When we were not in class or marching in a parade, we had the radio on in our room. If music wasn’t playing, we were listening to the local radio station. About a week before spring break began, the local meteorologists started hinting at something big on the horizon. On a side note, I had always been a weather buff. The Weather Channel and Jim Cantore, in particular, were fascinating to me. Now, I found myself listening to the prospect of something that I had not seen in my lifetime. Each day that passed, there was an increasingly dire warning that the atmospheric elements coming together were unlike anything that had been seen in a very long time. Four to five days before the actual storm, warnings were being given to prepare for a storm of significant magnitude. Day after day, the confidence of the local meteorologists grew – there was going to be a significant weather event. As the first day of spring break approached, the forecast became more and more ominous and certain. Despite the temperatures in the 60s and 70s that we were enjoying, a very strong front was going to move through and an unprecedented storm was going to form on the Gulf Coast and slowly crawl up the Atlantic seaboard. The time to start preparing was now. Instead of heading to upstate New York, I decided to head to the family farm in Virginia where I would ride out the Superstorm of 1993.

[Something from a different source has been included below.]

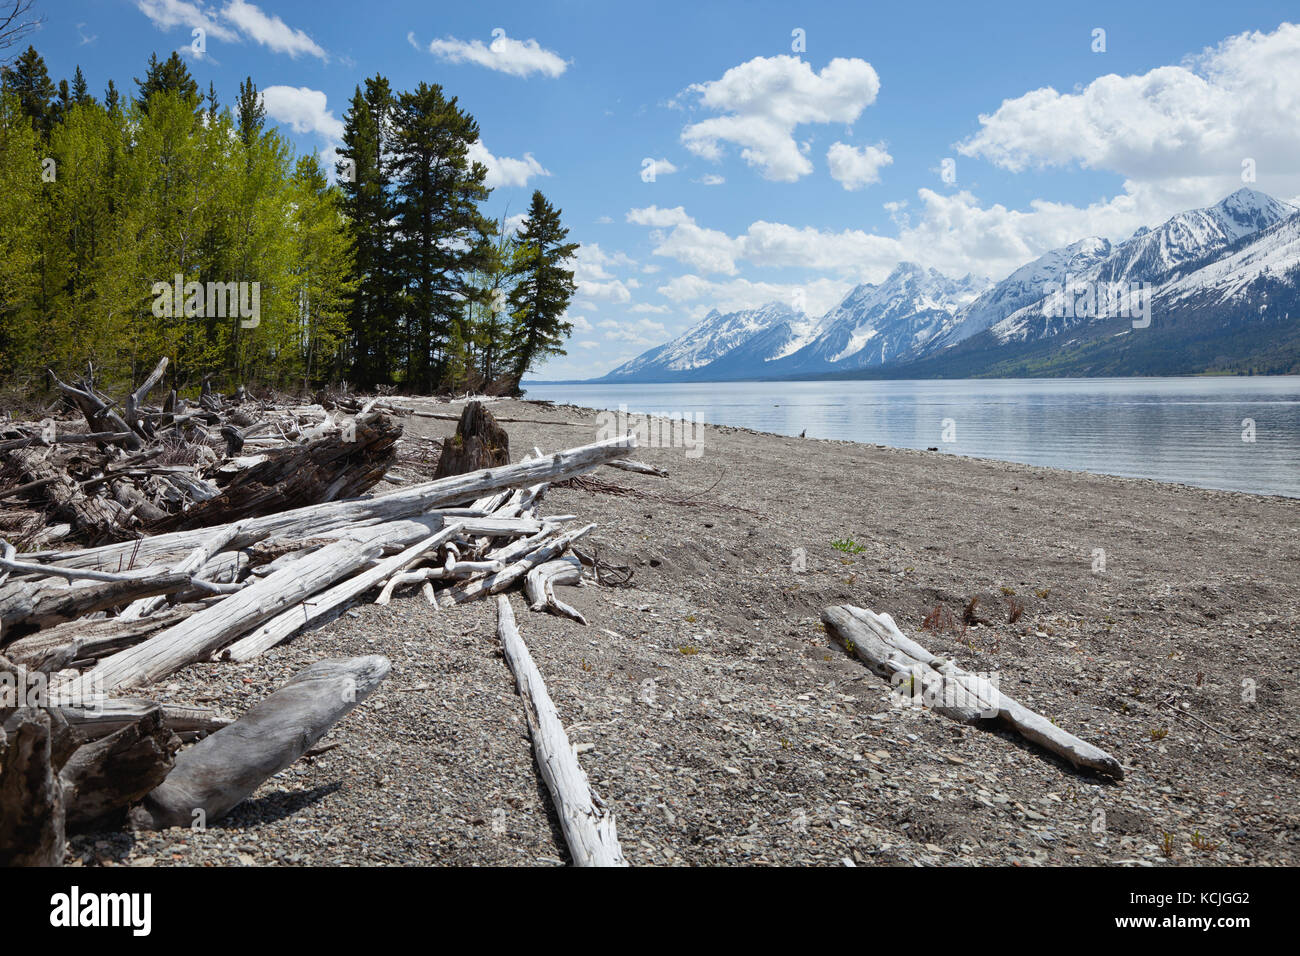 Lewis Lake below Grand Teton mountain range with trees and driftwood on the shore Stock Photo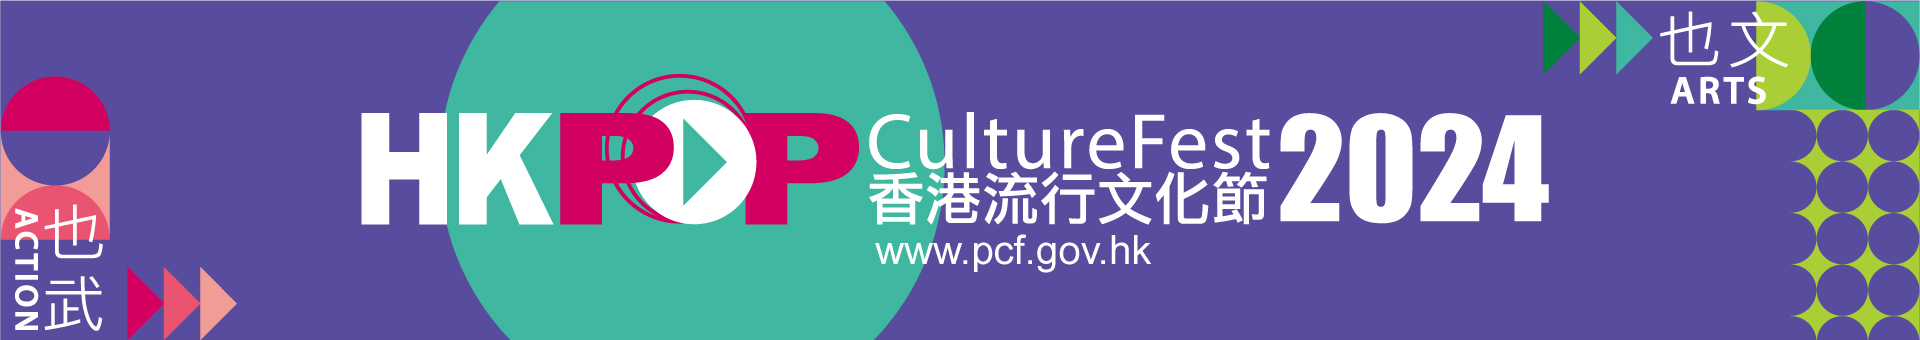 Hong Kong Pop Culture Festival 2024

I’ll never forget the progression of the storm. On the first day, the snow started falling lightly. As the day went on, the snow became heavier and the winds grew stronger while the temperatures dropped extremely quickly. By the first nightfall, the ground was covered and the storm was just beginning. By the next morning, the snow could be measured in inches. The winds outside blew the snow horizontally. Looking out the window one could literally only see white. It was a true whiteout situation. Venturing up to the barn to check on the animals was nearly impossible. One could actually sense what the settlers on the Great Plains went through during the great blizzards they endured. By the end of the second day, the snow was still falling heavily, and the wind was still howling. On the third day, we woke up to the same – blowing snow and ferocious winds. Now, the snow drifts were piling up against the doors and windows. Venturing outdoors was extremely difficult. Driving anywhere was impossible. Had there been any sort of emergency, there would have been nothing anyone could do. Stuck in the house for three straight days, my five siblings and I entertained ourselves the best we could with movies and games. Finally, on the 4th day, the storm dissipated, moved out and the skies began to clear. More than 36 inches of snow had fallen, and it was piled up in six to seven foot drifts around our farmhouse. I had never seen anything like it, and I’ve never seen anything like it since. Bundled up in snow suits and coats, my siblings and I ventured out into a world of hip-deep white snow. The snow was so deep in fact, that we were able to climb up onto the sunroom roof and jump down into the mountains of fluffy powder. We were truly experiencing what it was like to be snowbound – no one was going anywhere.

It took another two to three days for the snow plows to even reach my family’s farm. By the time I was able to leave the farm, my spring break was officially over, and it was time to head back to VMI to finish out the semester. 

I find it hard to believe that it’s been exactly 30 years since the incredible Superstorm of 1993. Being “trapped” in a house with seven other people was anything but ideal, but just like any of the other difficulties we’ve faced as a family, we got through it. The snows of that historic storm melted away long ago, but the memories of it will forever remain frozen in my mind.